Seismicity is generally spread all over this sector even if, NW of the border between Liguria and Tuscany and in between the Aulla and the Garfagnana North fault systems, it is characterized by the presence of more clustered events showing an anti-Apenninic (SW-NE) trend. A recent seismic sequence took place in June 2013 between the Lunigiana and the Garfagnana basins, activating a fault system with anti-Apenninic direction with a huge number of seismic events and a main shock of M L 5.1. In these areas, also, a significant earthquake of M L 4.9 occurred in 1995, and the main historical earthquakes took place. South of this sector, the seismicity becomes less frequent, and its distribution allows us to highlight the almost aseismic behavior of the core complex of the Apuane Alps. Another seismically active area is situated east of the junction between the Garfagnana North and Garfagnana South fault systems. Here, in January 2013, a significant seismic sequence after a main shock of M L 4.8 took place, while no recent seismicity is present in the area of the Garfagnana South fault systems.
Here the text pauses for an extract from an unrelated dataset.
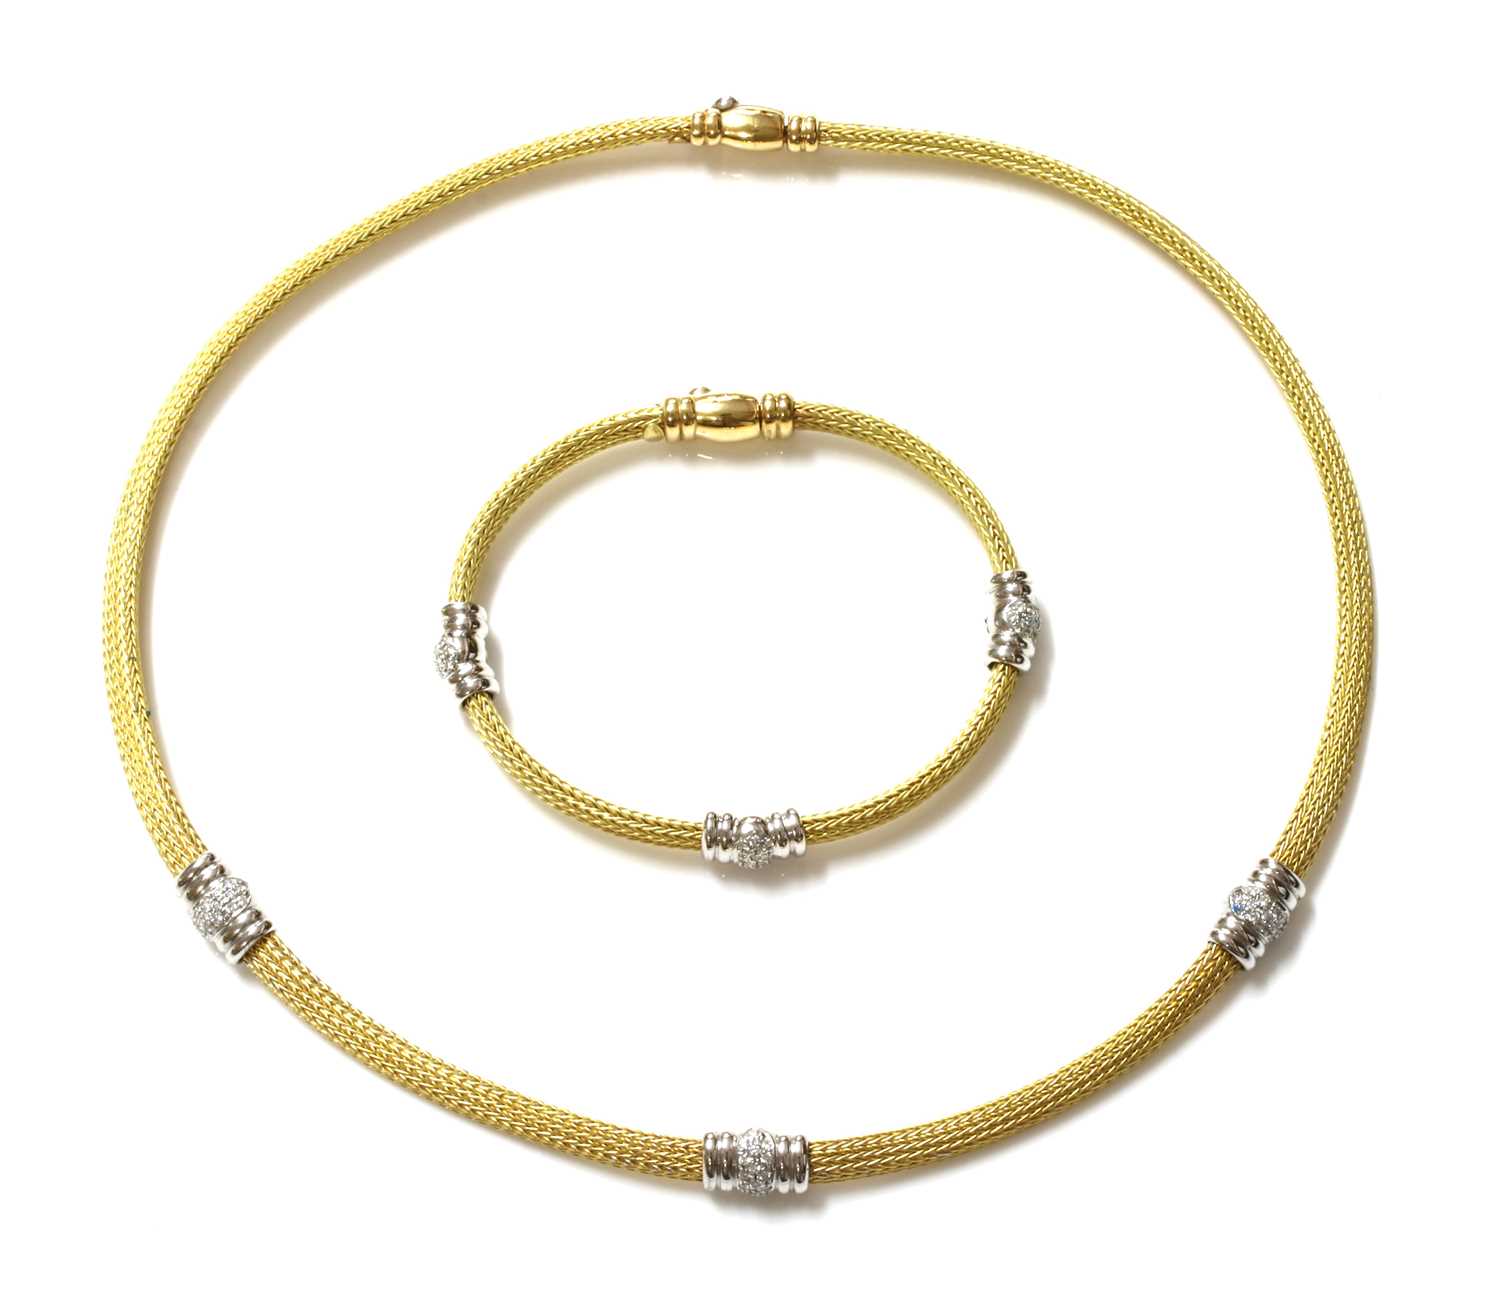 Lot 319 - An 18ct yellow and white gold diamond set necklace and bracelet suite, by Italian Lynx
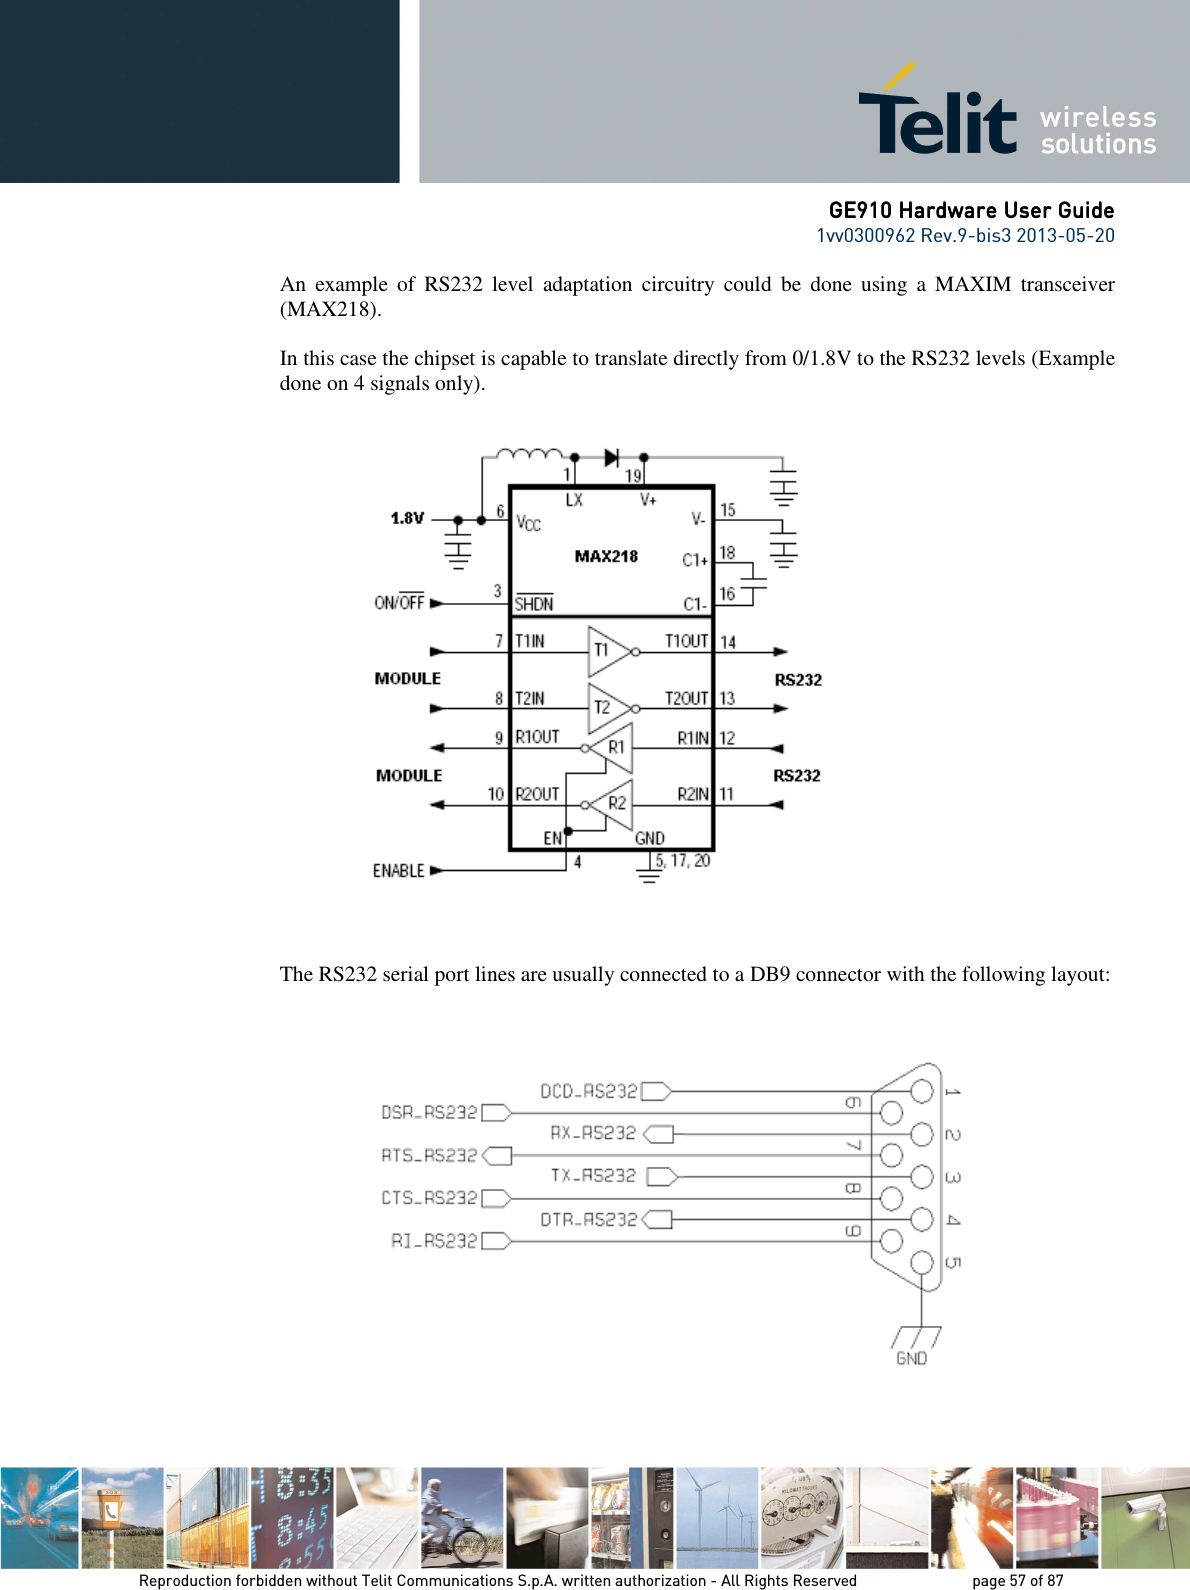      GE910 Hardware User GuideGE910 Hardware User GuideGE910 Hardware User GuideGE910 Hardware User Guide    1vv0300962 Rev.9-bis3 2013-05-20   Reproduction forbidden without Telit Communications S.p.A. written authorization - All Rights Reserved    page 57 of 87 Mod. 0805 2011-07 Rev.2 An  example  of  RS232  level  adaptation  circuitry  could  be  done  using  a  MAXIM  transceiver (MAX218).   In this case the chipset is capable to translate directly from 0/1.8V to the RS232 levels (Example done on 4 signals only).        The RS232 serial port lines are usually connected to a DB9 connector with the following layout:

Looking at the depth distribution (cross section BC of Fig. 4 and Online Resource 2), the seismicity of this sector is almost entirely focused in the first 30-km depth, with the higher magnitude earthquakes (M L > 4.0) located in the shallower part of the crust. In more detail, the earthquakes deepen (from 0 to 30 km) eastward with a dip of almost 30–40°. A few deeper events are located between 50 and 80-km depth, and of note, almost no seismicity between the superficial and the deeper layers (e.g., 30 km < earthquake depth < 50 km) is present. Only two isolated deeper events with medium-high magnitudes (one with M L 4.3 and one with M L 5.7) are located near the “Pontremoli” fault system, with hypocenters between 68 and 75 km of depth. The January 2012, M L 5.7, isolated event is particular not only because of its focal depth but also mainly because, despite being the strongest of the whole Northwestern Italy in the considered period, it had no foreshocks and it was only followed by four aftershocks of M L 2.8, 3.5, 2.1, and 2.3. Also, the other isolated M L 4.3 event, which occurred slightly southwestern of the previous one at similar depth, shows the same behavior with no foreshocks and aftershocks at all. Even if the present dataset is here scarce, we can believe that this is a characteristic of the deeper seismicity of this Apenninic area. This could be related to the thermal (warmer) and rheological state of this area, which makes it a high-stress drop and low-seismic-efficiency area.
The second sector is situated eastward of the Apenninic watershed, near the border with the Po Plain, and it is separated by a quasi-aseismic narrow area from the previous sector. From a tectonic point of view, this is a belt-foredeep region along the Adriatic margin characterized by crustal shortening (Reutter 1981; Royden et al. 1987). The seismicity is deeper than in the previous sector, being concentrated in the first 50-km depth, and, in the Emilia-Romagna region, it follows a prevalent anti-Apenninic trend (NE-SW direction) from the foot of the Apenninic chain to the Po Plain.
In terms of earthquake depth distribution, in contrast to the previous sector, the seismicity deepens toward the west with a quasi-vertical dip. In this sector, 6 of the 22 damaging earthquakes with an M L greater than 4.5 which occurred in the last 30 years in Northwestern Italy took place, including two events with M L 5.2 near Reggio Emilia (RE in Fig. 6) (see Table 2).
The comparison of a and b values for the northeastern and northwestern sectors of the Apennines (Table 3) indicates that the two areas present a similar proportion of small and large earthquakes.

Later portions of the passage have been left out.